When the war ended, her commanding officer got a letter from Washington stating the men were coming home from war, they want their jobs back and the female pilots should go home.
“I was so sad and so angry. To take all that training and I knew they still needed pilots, and I don’t know why this happened. I never did know. They didn’t tell us anything,” she said.
The commanding officer who initially questioned her abilities as a woman convinced her to visit an FAA inspector to get a commercial license. He even had a brother at an airline who he thought might help her, but his brother told Foster “the American public is not ready for a woman pilot.”
“They all needed pilots. And they’d say that, but not women,” she said. “So I just gave up and went back to secretary work.”
After working briefly for a jeweler, Foster and a friend went back to college at Southwest Texas State University in San Marcos. With a semester remaining, she met her husband, Paul Chapman, an engineer from Galveston, and they were married about a year later in 1948.
She graduated with a degree in library science in the 1950s at San Jacinto College in Houston when she and Chapman began having children and worked as a librarian and substitute teacher at schools in Dickinson. Foster has five children, 10 grandchildren and 21 great-grandchildren.
Foster still flies when she visits her oldest son, Paul Chapman Jr., in northeast Texas. A friend of her son’s has World War II era planes, which she said she enjoys flying in and reminiscing.
In 2009, Foster was one of more than 300 of the remaining members of the WASP program received a Congressional Gold Medal in Washington. She said she was “very excited” and “very proud.”
Her granddaughter, Tonya Farmer, of Spring, said Foster was always accepting and supportive growing up and is proud of her grandmother’s accomplishments.
“We always felt like we could do whatever and everything was possible if I put my mind to it,” Farmer said. “That’s a neat legacy.”
Foster spoke at Shindelwolf Intermediate School in Spring recently for Farmer’s 14-year-old son’s social studies class. Sandy Abt, lifestyle director at the Conservatory at Alden Bridge, said Foster also tells the story to a theater of retired residents.

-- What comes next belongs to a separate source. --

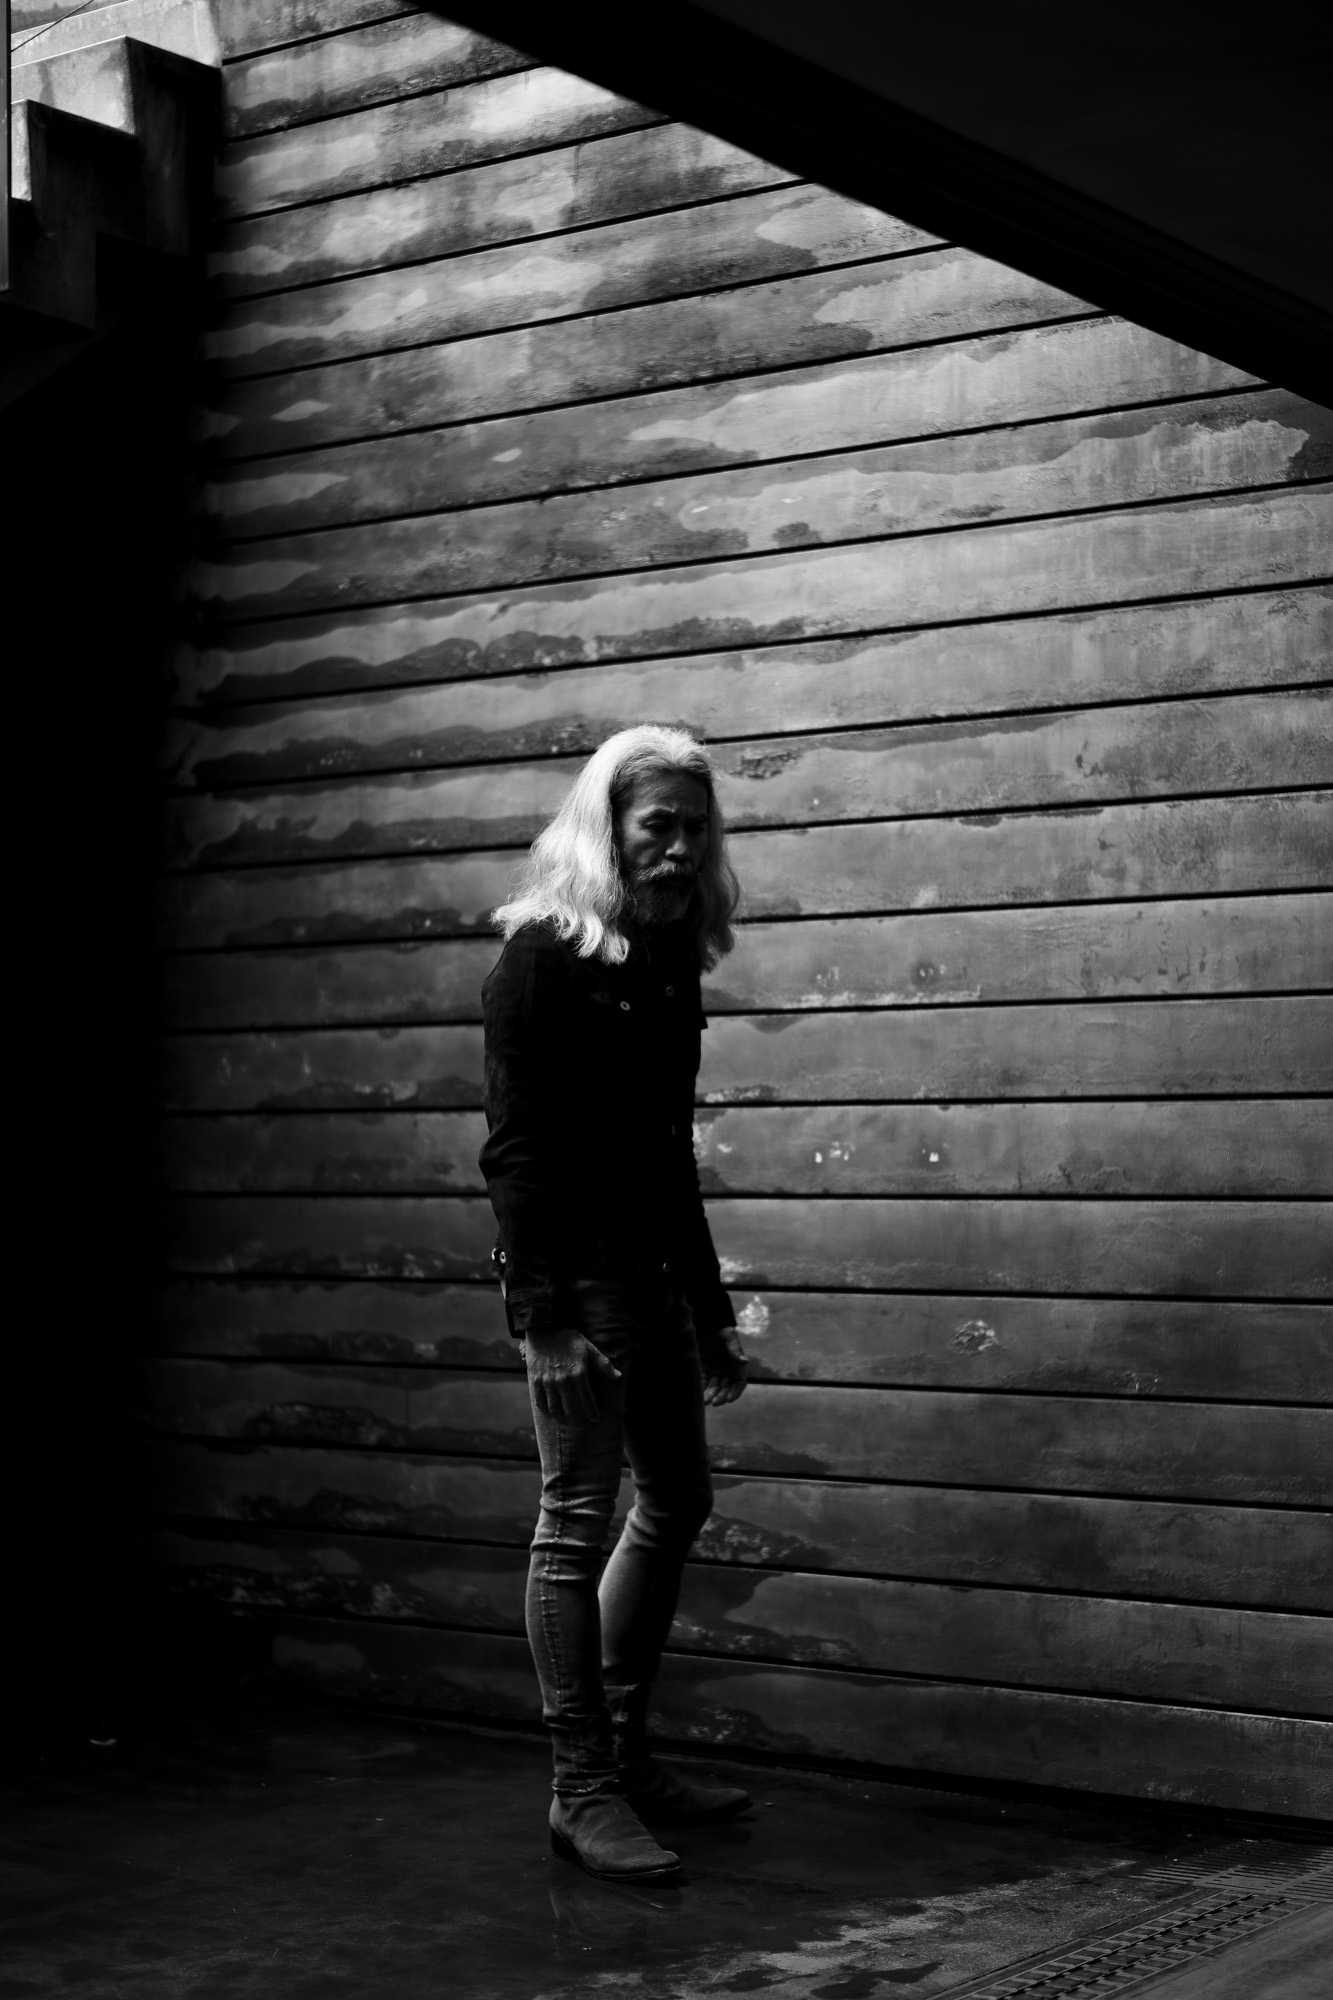 ISAMU KATAYAMA 片山勇 BACKLASH バックラッシュ レザージャケット THE LINE ザライン 愛知 名古屋 altoediritto アルトエデリット クロコダイル パイソン ダブルライダース シングルライダース 2021 デニムパンツ ジーンズ ブラックデニム グレーデニム クラッシュデニム

“Today, we don’t go through what she went through and part of that is because she went there. She kind of paved the way for it to be easier for us,” Abt said.
The remaining WASP members attend the occasional meeting of the Women’s Military Aviators, Foster said. The beginning of every meeting, she said someone always stands up to remind them of their contribution to women’s aviation.
“We wouldn’t be here if it weren’t for you,” Foster recalls them saying.